Prompt: In the listing below, print exactly the lines between the line holding "Prostory Domova Sulická: Toaleta" and the line holding "JOOP! Classic - Cornflower", inclusive, and no more.

Supplied data:
═══

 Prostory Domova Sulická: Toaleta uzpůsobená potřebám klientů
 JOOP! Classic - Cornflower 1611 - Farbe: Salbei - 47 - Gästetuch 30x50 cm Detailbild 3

═══

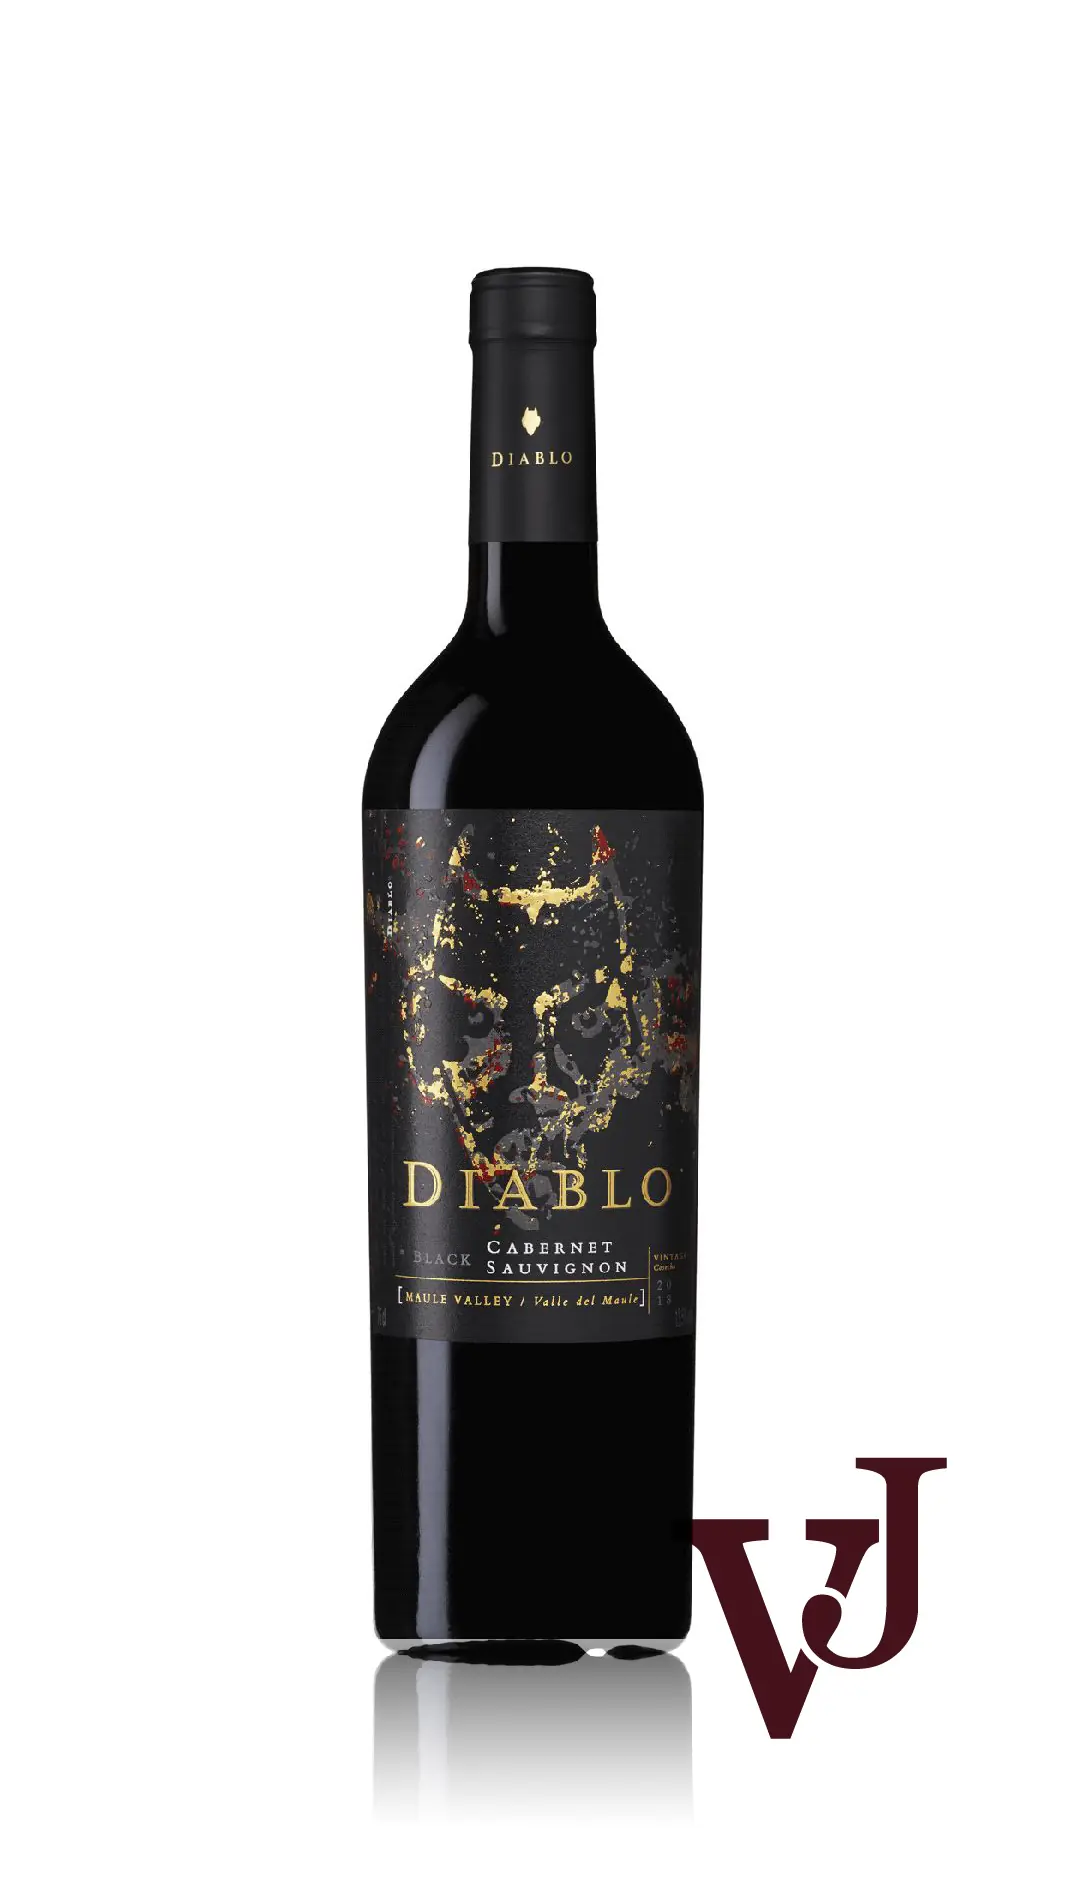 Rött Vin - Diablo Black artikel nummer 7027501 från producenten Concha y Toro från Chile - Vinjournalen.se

═══

Your response:
 Prostory Domova Sulická: Toaleta uzpůsobená potřebám klientů
 JOOP! Classic - Cornflower 1611 - Farbe: Salbei - 47 - Gästetuch 30x50 cm Detailbild 3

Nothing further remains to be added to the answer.